На следующий день с утра он и дочь, позвонившая из Лондона, кричали друг другу что-то бессвязное, исключающее моё участие. Мне отводилась роль второстепенного персонажа, статиста, не влияющего никак на развитие сюжета.
Все дальнейшее тоже происходило как бы не со мной, ставшей внезапно вяло послушной. Нельзя есть, нельзя пить, на пустой желудок мне назначен MRI. Помнила, что бывают и открытые, и закрытые аппараты, с моей клаустрофобией непереносимые. В госпитале потребовала показать какой мне предназначен. Убедилась — открытый, тем и удовлетворилась. Переодевшись в халатик с облинялым рисунком в цветочках, села в ряду других пациентов, оказавшихся здесь с той же надобностью.
Отметила, что все были весьма пожилыми, за семьдесят. И осознала внезапно, что по сравнению с ними я-то еще молода, и хотя обряжена в такую же, как у них, затрапезную, больничную униформу, туфли на мне модные, красные лаковые лодочки, в сейфе кабинки оставлены дорогие украшения: о чем думала, их надевая сюда? Ни о чем. Сработал инстинкт: я надеялась, хотела жить.
У одной из ожидающих рядом со мной пациенток, азиатки, дергались ноги, руки, будто её электрическими разрядами пытали. Меня это раздражало. Но мы с ней встретились взглядами, и от её затравленного, искательного, возник позыв её как-то поддержать. Улыбнулась, и в ответ она, молча, сжала мою руку. Все хотят жить!

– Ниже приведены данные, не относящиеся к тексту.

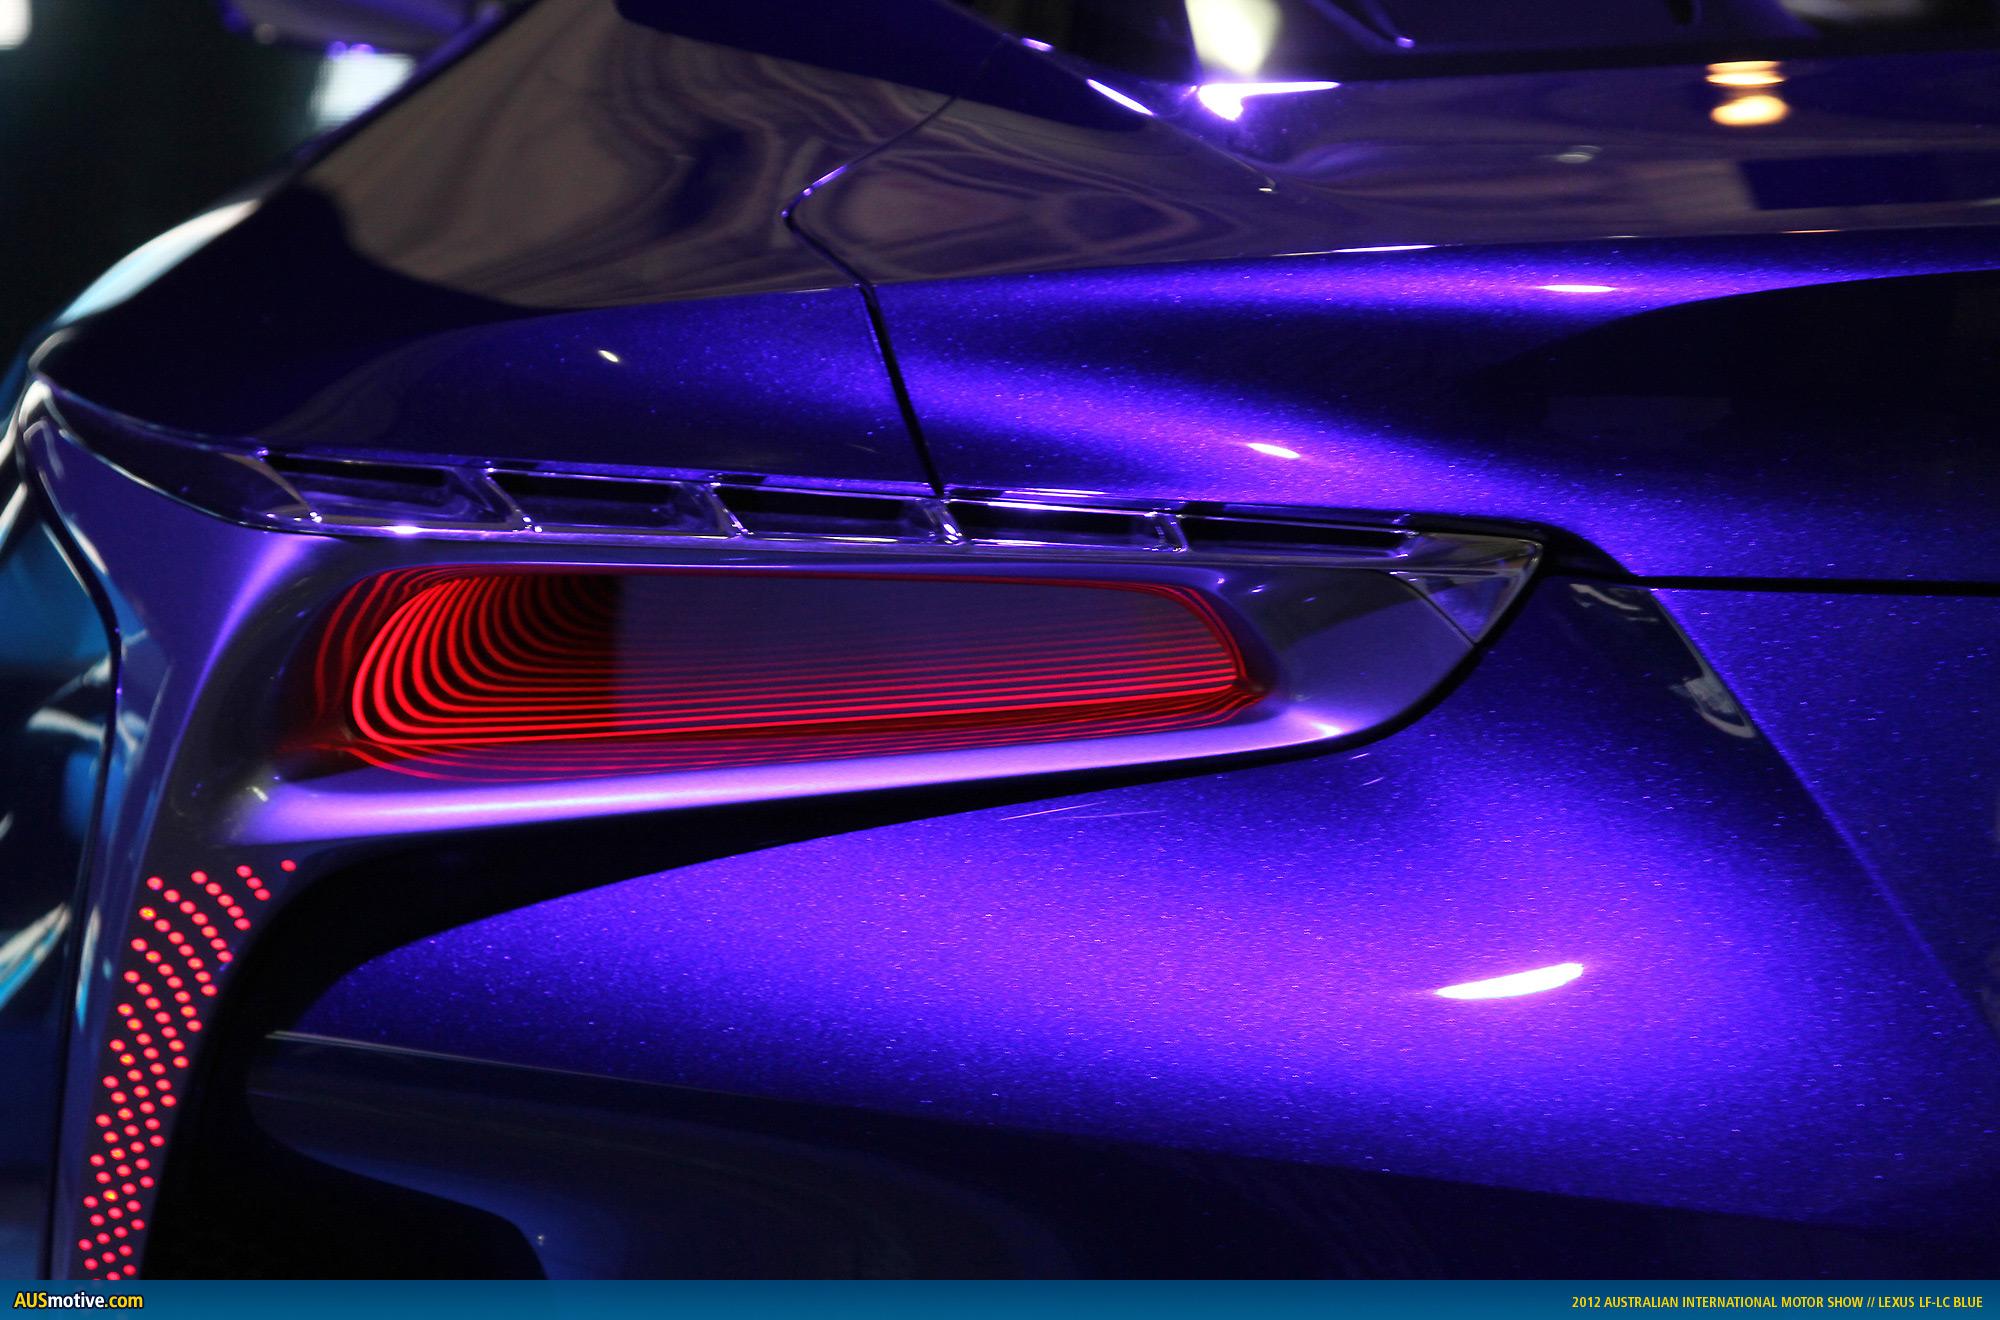 http://www.ausmotive.com/pics/2012/AIMS/Lexus-LF-LC-06.jpg

В коридоре висела репродукция: намалеванные абы как море, яхты, ну такая безвкусица, дешевка. Хмыкнула пренебрежительно. И ощутила ликование: жива, значит, всё еще жива! А это главный подарок — жить, столько, сколько отпущено.
Мою фамилию в США никто произнести правильно не способен, имя тоже. Поэтому, когда слышу спотыкание на каждом слоге, заявляю о себе сама: это я.

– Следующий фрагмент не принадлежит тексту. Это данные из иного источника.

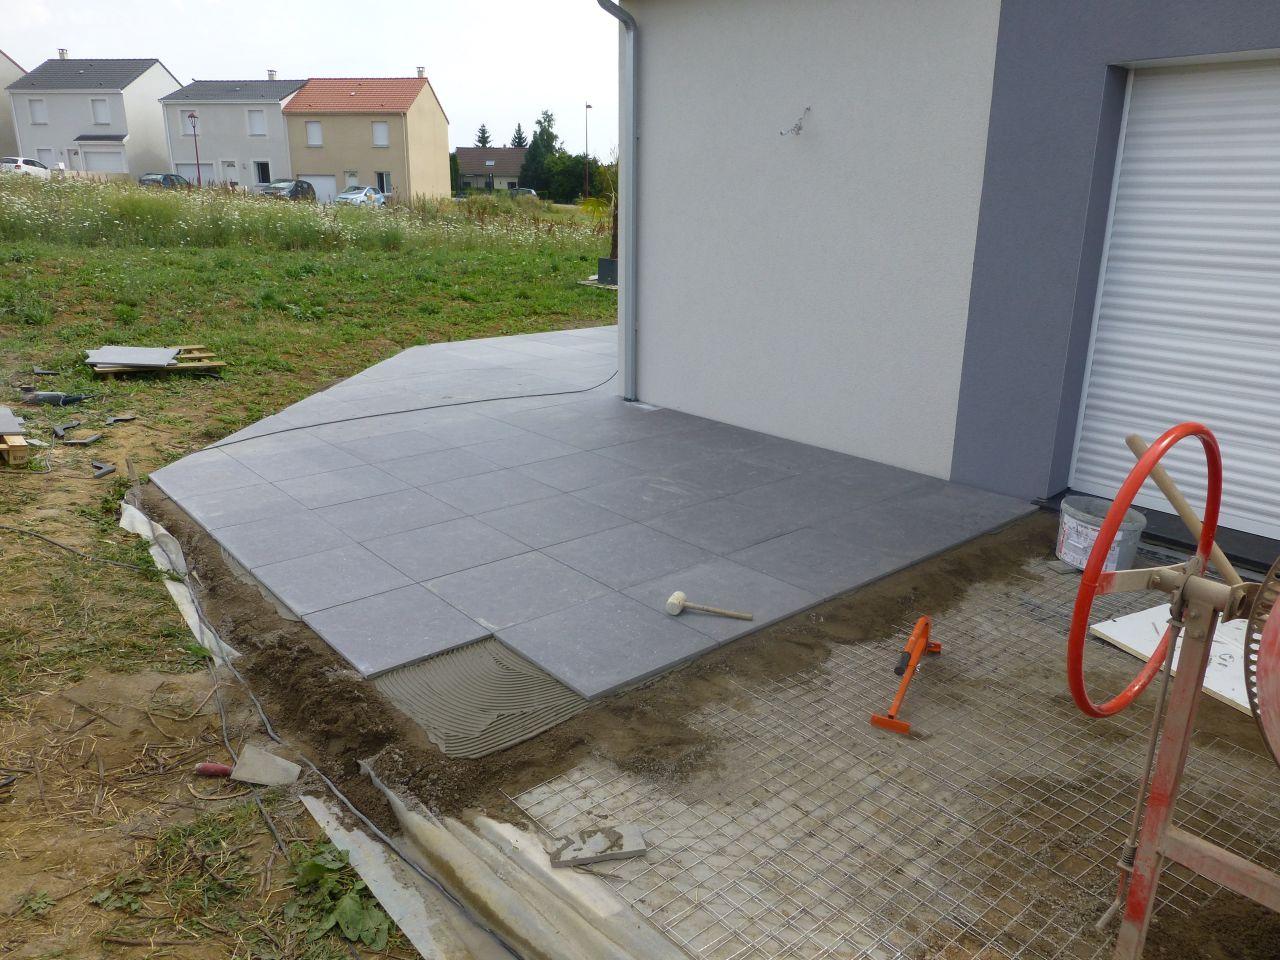 Carrelage ep 2 cm pour terrasse solution id al 63 for Carrelage glissant solution

И на сей раз тоже самое, привычное. Коренастый мужчина, по виду мой сверстник, с дежурной доброжелательностью осведомился, как всё же правильно произносить моё имя Я ответила: и не старайтесь, с интонацией, его развеселившей. Пока он меня укладывал на кушетку, последовали, конечно, расспросы, откуда я, как долго в США. Это характерно для американцев. В самых неподходящих ситуациях, у кассы в магазинах, на бензоколонке, или вот как сейчас, у MRI, им будто необходимо получить твою биографическую справку. Я кратко её изложила, чем вызвала пространный экскурс о себе самом. Вводя мне в вену контрастную жидкость, поведал, что его отец, инженер, работал в Швейцарии в компании по оборудованию тамошних госпиталей, и когда ему было двенадцать лет, отец купил сыну и жене тур по Европе, короткий, но очень насыщенный. Перечислял, где успел побывать, называл города, радуясь моей тут сопричастности. А ведь другие пациенты ждали, пока он мне изливался: ах Венеция, ах Париж, всё ведь в Европе так близко, и как я благодарен своему отцу за это путешествие, хотя прошло столько лет...
После всей этой лирики, я поинтересовалась прагматично, когда будет готов результат моего сканирования. Услышала: сегодня. До того мне говорили, что через несколько дней. Но человеческая симпатия возникает спонтанно и творит чудеса. Всегда, везде и со всеми.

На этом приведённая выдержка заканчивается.